The Building Blocks of Croatian Mental Grammar: Constraints of Information Structure (MEGACRO)
The project is funded by the Croatian Science Foundation
Program: Research projects
Project number: HRZZ-IP-2016-06-1210
Principal Investigator: professor Anita Peti-Stantić, PhD
Principal Institution: University of Zagreb, Faculty of Humanities and Social Sciences
Project acronym: MEGAHR/MEGACRO
Scientific area: Humanities
Scientific field: Philology
Project duration: 10.3.2017-9.3.2021. (48 months)
Research group:
professor Anita Peti-Stantić, PhD
professor Gordana Keresteš, PhD
associate professor Maja Anđel, PhD
assistant professor Mateusz-Milan Stanojević, PhD
assistant professor Mirjana Tonković, PhD
assistant professor Nikola Ljubešić, PhD
Jana Willer-Gold, PhD
Dario Lečić, PhD (part of the research group from 2 September 2017 until 10 December 2017)
Jelena Tušek, PhD
Irina Masnikosa, PhD
Vedrana Gnjidić, MA
External associates:
professor emeritus Ray Jackendoff, Tufts University and MIT
professor Petar Milin, PhD, Sheffield University
professor Andrew Nevins, PhD, University College London
professor Motoki Nomachi, PhD, Slavic-Eurasian Research Center of Hokkaido University
Project summary:
The goal of the project The Building Blocks of Croatian Mental Grammar: Constraints of
Information Structure is to determine the building blocks of the information structure of
Croatian mental grammar. Specifically, based on corpus and psycholinguistic research, we will
look into how speakers process morphosyntactic and semantic agreement of concrete and/or
abstract lexical items in coordinated constructions and elliptical conditions, as well as how they
process sentence information structure with regard to complex clitic cluster positioning. Thus,
we will determine a set of necessary, universal and language-specific patterns that represent
the requirements determining the information structure in Croatian, both on the
morphosyntactic and the semantic level. We are predominantly interested in local (linear) and
global (hierarchical) processing constraints within the mental grammar of Croatian. Our
approach will have theoretical consequences for developing a model of language processing, as
well as identifying and correlating global and local building blocks of mental grammar of
Croatian. On the practical level, we seek to improve the productive linguistic competence of
pupils in the education system. This will be operationalized through three main activities: (1)

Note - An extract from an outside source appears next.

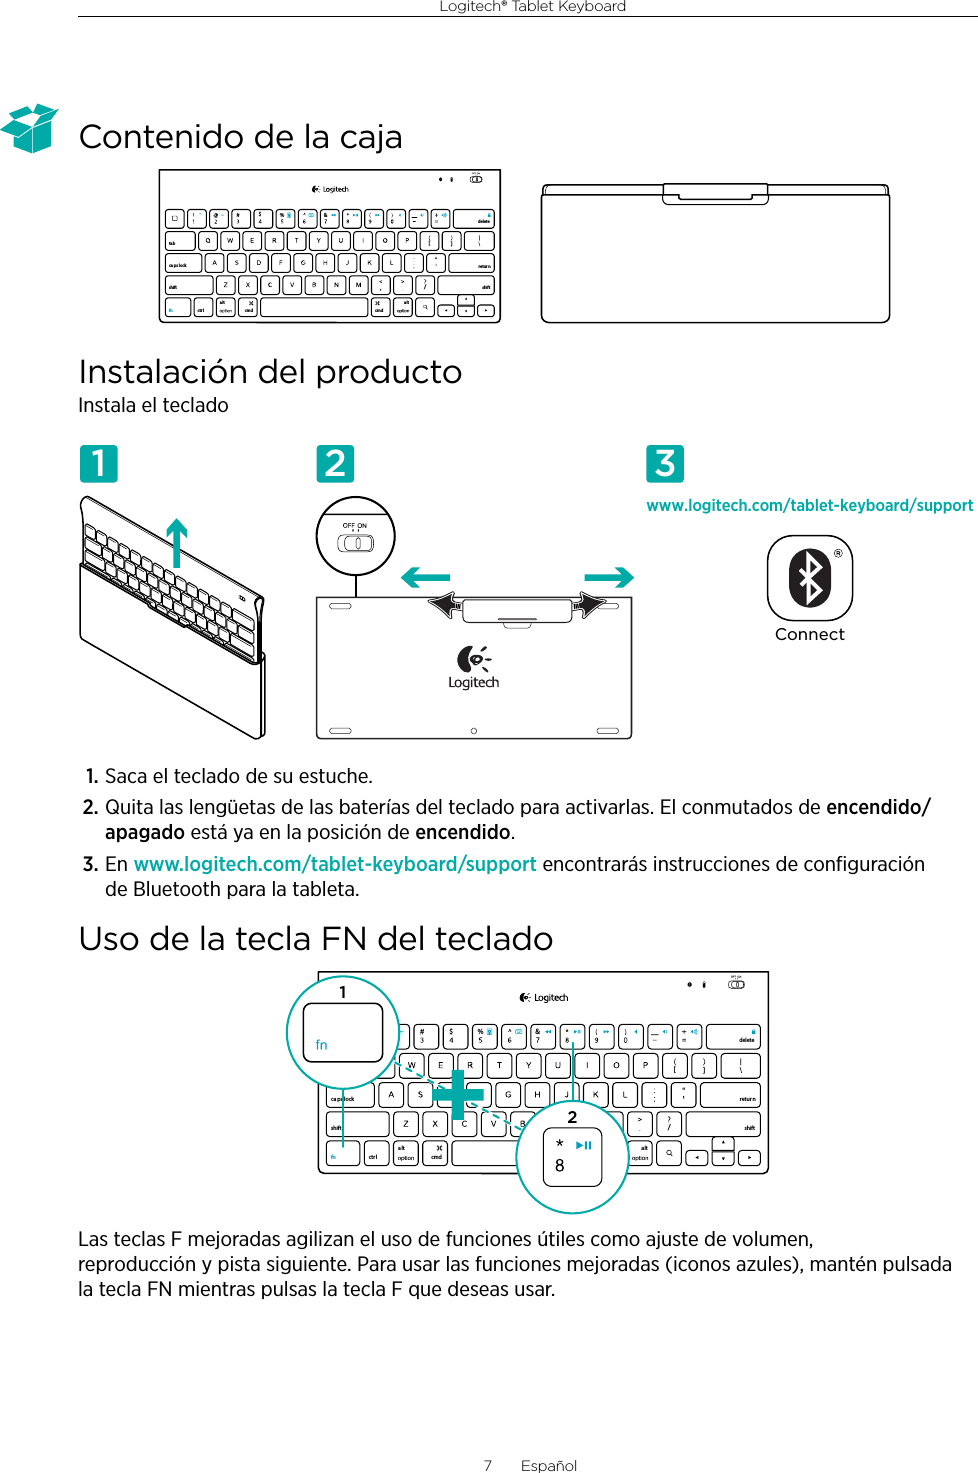 Logitech® Tablet Keyboard7  EspañolContenido de la cajaInstalación del productoInstala el teclado1. Saca el teclado de su estuche.2. Quita las lengüetas de las baterías del teclado para activarlas. El conmutados de encendido/apagado está ya en la posición de encendido.3. En www.logitech.com/tablet-keyboard/support encontrarás instrucciones de conﬁguración de Bluetooth para la tableta.Uso de la tecla FN del tecladoLas teclas F mejoradas agilizan el uso de funciones útiles como ajuste de volumen, reproducción y pista siguiente. Para usar las funciones mejoradas (iconos azules), mantén pulsada la tecla FN mientras pulsas la tecla F que deseas usar.,/[[&amp;ctr lalt a lttabca ps lockshift shift$%retur ndeletecmd cmdfnwww.logitech.com/tablet-keyboard/supportConnect1 2 3,/[[&amp;ctr lalt alttabca ps lockshift shift$%retur ndeletecmd cmdfn12

psycholinguistically establishing a correlation between concreteness and imageability for a set
of high and low frequency lexical and grammatical items (clitics) based on corpus data; (2)
psycholinguistically establishing the relationship between concreteness and agreement (in
gender, ellipsis and clitic cluster positioning); (3) establishing language-specific patterns for
building effective word and grammar webs within the educational system.
Methodological novelty is reflected in connecting a theoretically-based qualitative and
quantitative psycholinguistic research with a corpus study, which will enable the establishment
of a predictive lexical analysis, as well as grammatical patterns in mental grammar.